“深……深一些……”
“痒……嗯,嗯啊……痒……”
粉唇微微开出一条小缝,灼热的白气在空中霎时消散,梓柔的双眸彻底没了属于她的那一份的清澈明净,只剩下如火一样燃烧着的欲望,而后在我惊讶的眼神中,我感觉到梓柔主动地将纤腰向下滑去,努力地用她的处子玉户去套弄我的肉棒,让她幼嫩白皙的阴唇完全地将我的鸡巴包住、像是一张贪吃的小嘴儿,一边流着黏稠透明的涎液,一边毫不犹豫地将这根肉肠吃进了身体深处。
而得到了满足的少女,一边抽泣着叫出动人的呻吟,一边主动热切地将柳腰朝着我的私处耸去,让她粉胯间微微凸起的娇腻阴阜与那根肉茎几乎完全贴在一起,让淫水挂满了我浓黑的阴毛,随着两片软糯花唇的用力闭合、紧紧咬住肉棒的根处,美妙的快感便陡然从梓柔的少女娇蕊处如电流般激烈丛生,而与此同时,一股持续射出、与少女清冷秀雅外表反差极大的浓烈滚烫的阴精猛地冲刷过我的龟头,随后去势不减地洗涤我的整根柱身,从穴口与肉棒紧密相连的缝隙中窜出,像是失禁了一样淅淅沥沥地从她大大分开的双腿之间向下洒去,也让我终于没有忍住,将最后一点的精液全部灌入到了梓柔濡湿幽窄的花房之中……
……
夜晚,大家在饭桌上都心照不宣的沉默了下来,没有一个人去主动提起今天下午在房间里的事情。

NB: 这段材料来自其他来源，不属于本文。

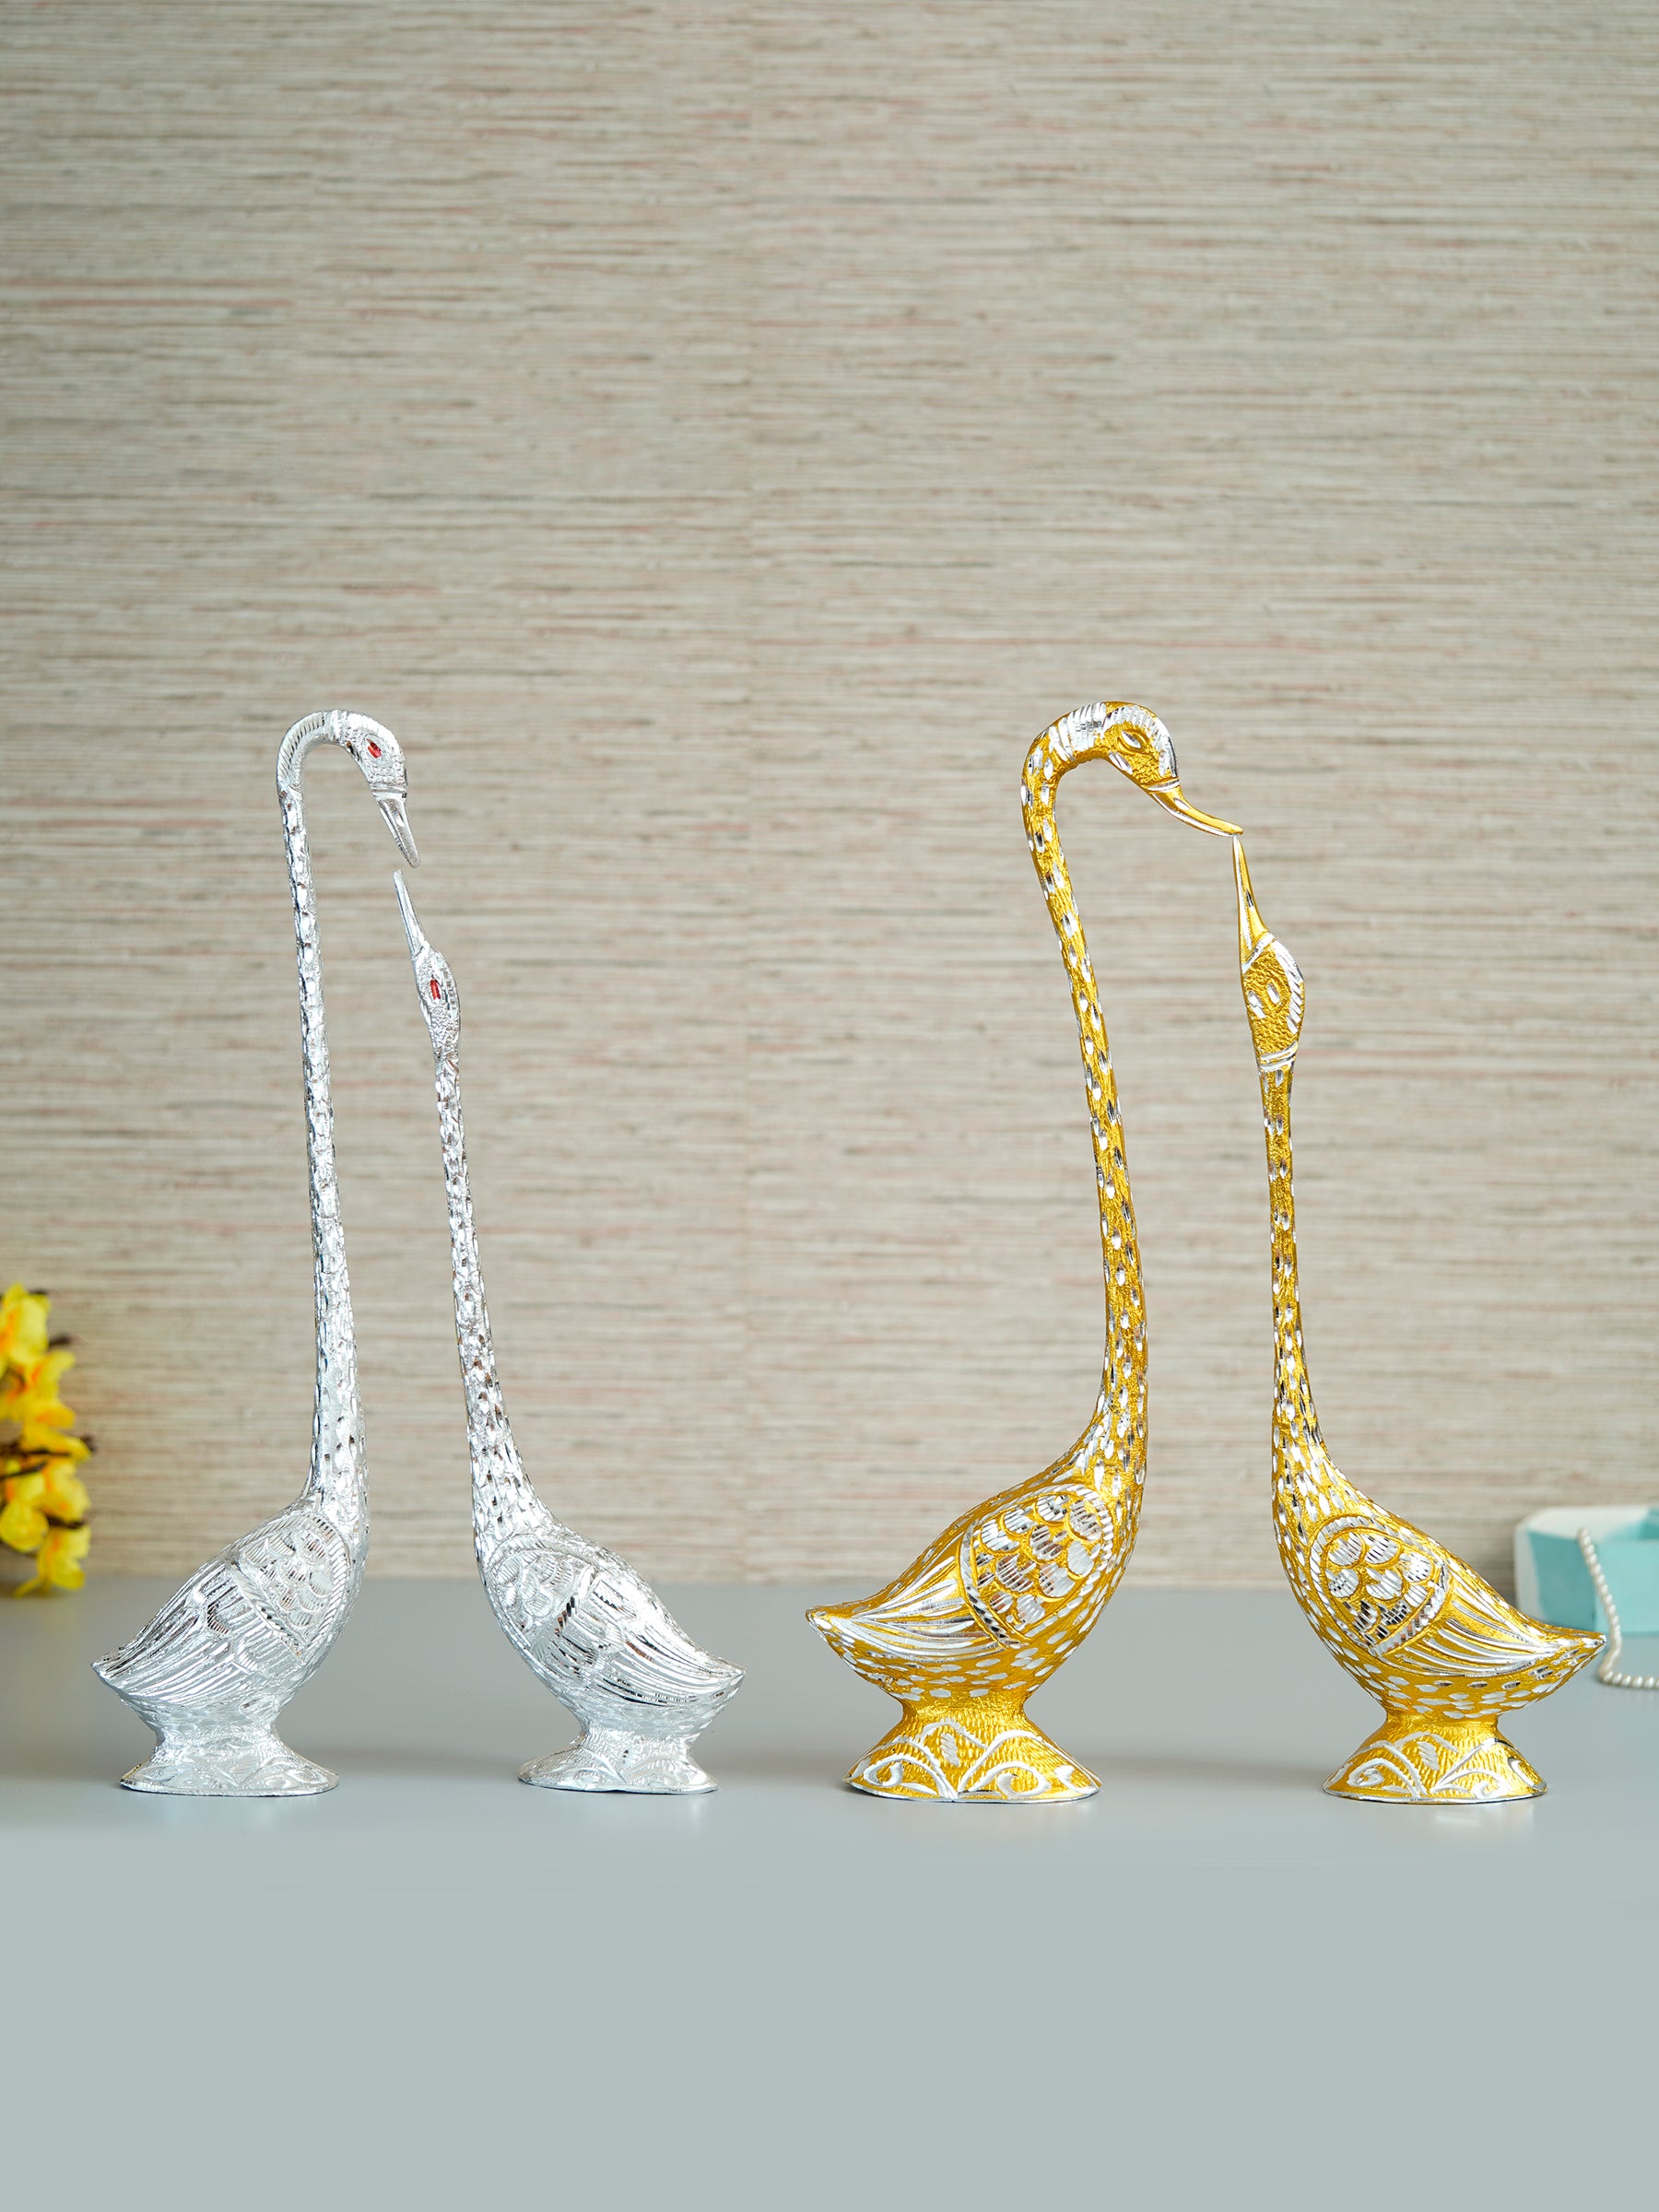 Set Of Two Golden And Silver Kissing Swan Couple Handicrafted Decorative Figurine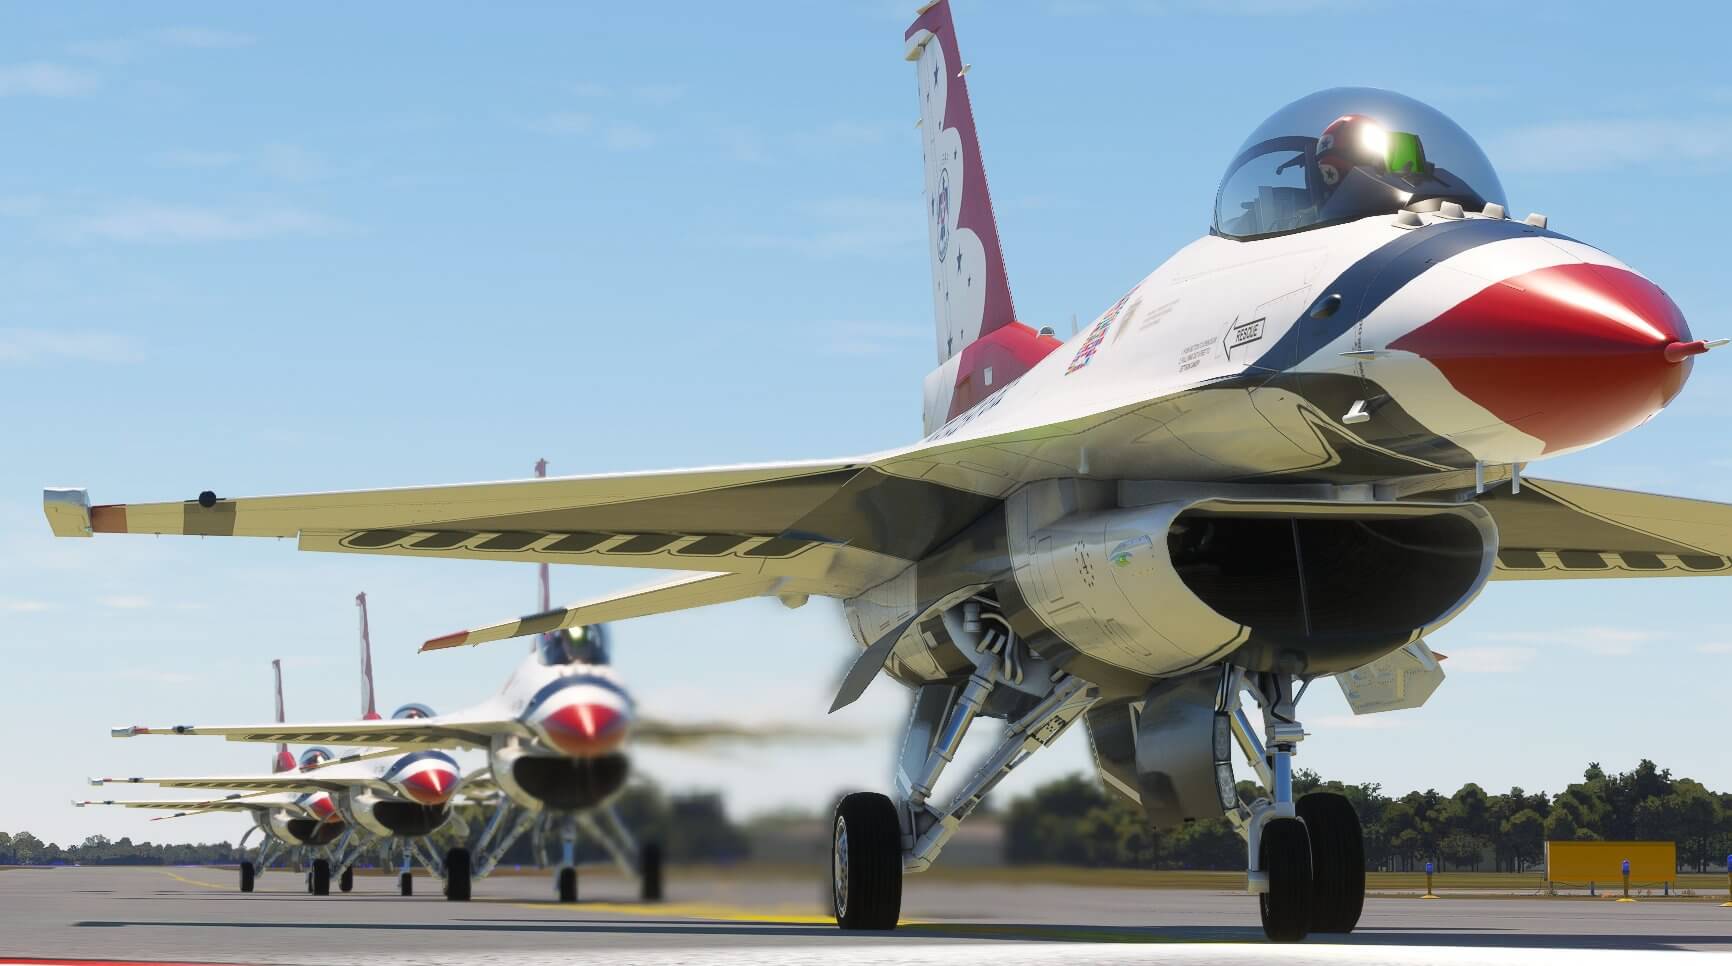 4 F-16 Vipers from the Thunderbirds taxi out for departure in line astern.

说好的两个小时,但到了时间之后压根没有一个人出来,直到欧阳老师主动敲响了各自游戏的房门,说已经准备好了晚饭之后,所有人才陆陆续续地从二楼上下来。
“梓柔呢?梓柔哪儿去了?”
“我们那个房间在走廊最尽头,梓柔最开始不是因为游戏的原因裸着的吗?被风一吹,有些感冒了。”我漫不经心地说道,“明天的游戏就别搞脱衣服这一出了,这两天都有人感冒。”
“本来天气就凉,要我说,反正明天就要回家,最后的游戏就别那么过火了。”
经我这么一说,其余人也没有意见,这两天的游戏对男生们来说已经十分满足了,对于女生们而言,也差不多过了新鲜感。
可等到晚上,每个人依旧是难以入睡。
平日里表现得端庄纯雅的傅若昕尤其如此,特别是用被子蒙着脑袋,强迫自己闭上眼睛,陷入黑暗自省之后,却总是难能避免地回想起白天在房间中发生的事情。
“我……我怎么这么不知羞……”
少女悄声呢喃着,却又情不自禁地将纤纤玉手伸向自己的双腿之间,这两天来的所有经历都让她难以言表,过剩的欲望总是在关键时刻被打断,没能得到释放,所以在夜深人静之时,傅若昕才会忍不住偷偷地将白天的火热给悄然卸掉,可这也让她感觉越来越难以忍受。
在那样私密的场合,尽管没有人看到,也只有皱兵一人知道,但小睿的那一通电话还是让正处在情欲之中的傅若昕慌了神。
她之前本就被撩拨的极度敏感的身子在这一刻像是受到了什么刺激一样,在手机铃声响起的那一刻,神经的敏感度仿佛被提高了十几倍一样,让傅若昕越加努力地去用粉唇咬住皱兵的肉棒,香舌缠绵下、几乎是使出了吃奶的劲儿般去吸吮男生肿胀硕大的龟头,同时被自己葱指偷偷撩拨的两片白嫩的花瓣也从丰满微隆的幽谷深处不断渗出一股接一股不受控制的暖流,将少女雪腻滑润的臀肉和大腿根部都完全打湿,滴答滴答地在地板上汇积成一片晶莹亮泽的水洼。
而也正是傅若昕这样情动努力地吮吸,几乎是要将自己整根粗硕肉屌都含进喉咙的缠绵吞吐,也终于让已经积压了一天欲望的皱兵忍不住爆发出来,双手牢牢按住学姐清丽秀美的螓首,让少女整张出尘精致的俏脸都埋没在他的胯间、被浓黑的阴毛埋没,瑶鼻之间都满是男生散发的浓郁火热气息,随着肉根和卵蛋的一阵蠕动、输送,傅若昕只感觉到自己紧窄娇小的唇齿之中猛地冲进了大量粘稠滚烫的白浊,一股接一股、汹涌澎湃地灌注进自己的食道。